The needle the doctor was holding was about the length of my forearm. He was right, I shouldn’t have looked down. I was standing in his office in Glendale, California with my shirt off and my pants down to my ankles. My stomach was on full display to every doctor, nurse, assistant, and nurse who came and peeked in to see the procedure up close. It was 2010, and track tape was still considered an exciting “panacea” for obesity around Los Angeles. You couldn’t drive down any freeway and not notice the “1-800-GET-THIN” billboards.

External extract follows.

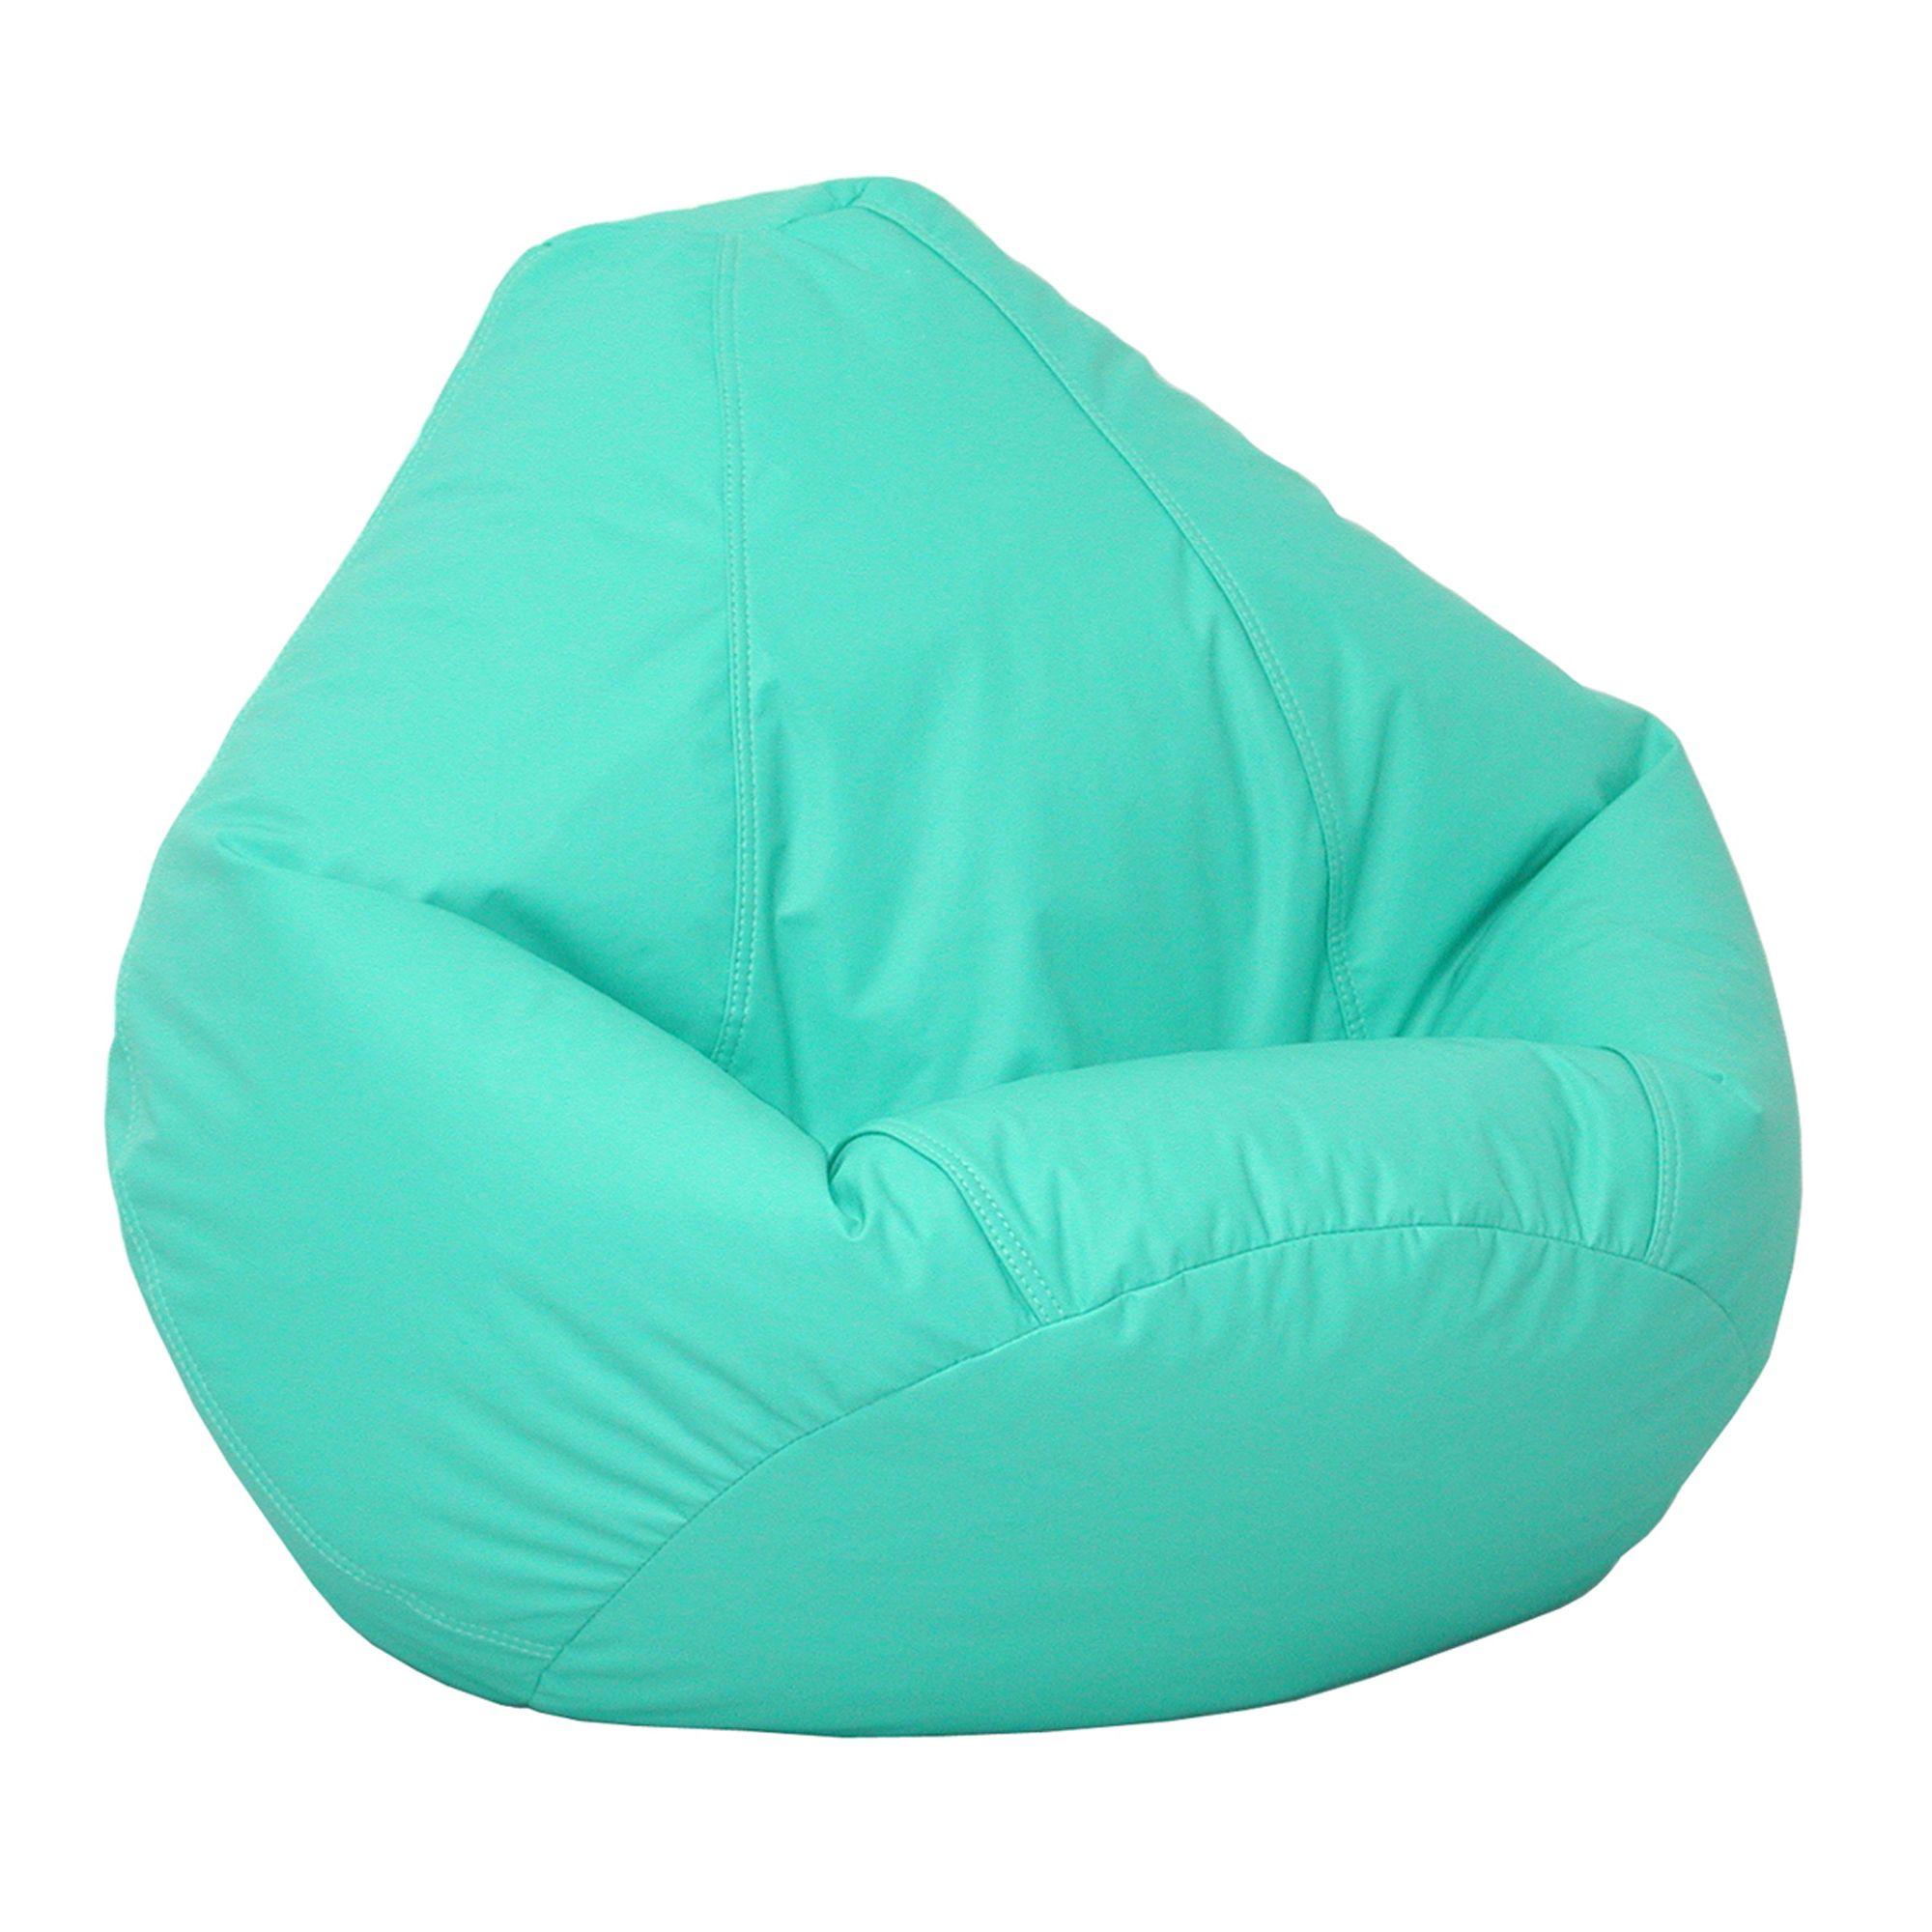 American Furniture Alliance Large Lifestyle Bean Bag - Aqua

A tummy tuck is like putting a rubber band around your stomach. No internal surgery (big pro) and your stomach remains intact, unlike gastric bypass surgery where the stomach is cut and the intestines are rerouted. The saliva strip fits tightly in the upper arch of the stomach and forms a small upper pocket. Basically, it tricks your body into thinking you have a stomach the size of a pigeon. Eat a lot less and get full faster – all of these were big selling points. Of course my body would have to play tricks. I knew that at that point in my life, I wasn’t going to drop a single pound easily.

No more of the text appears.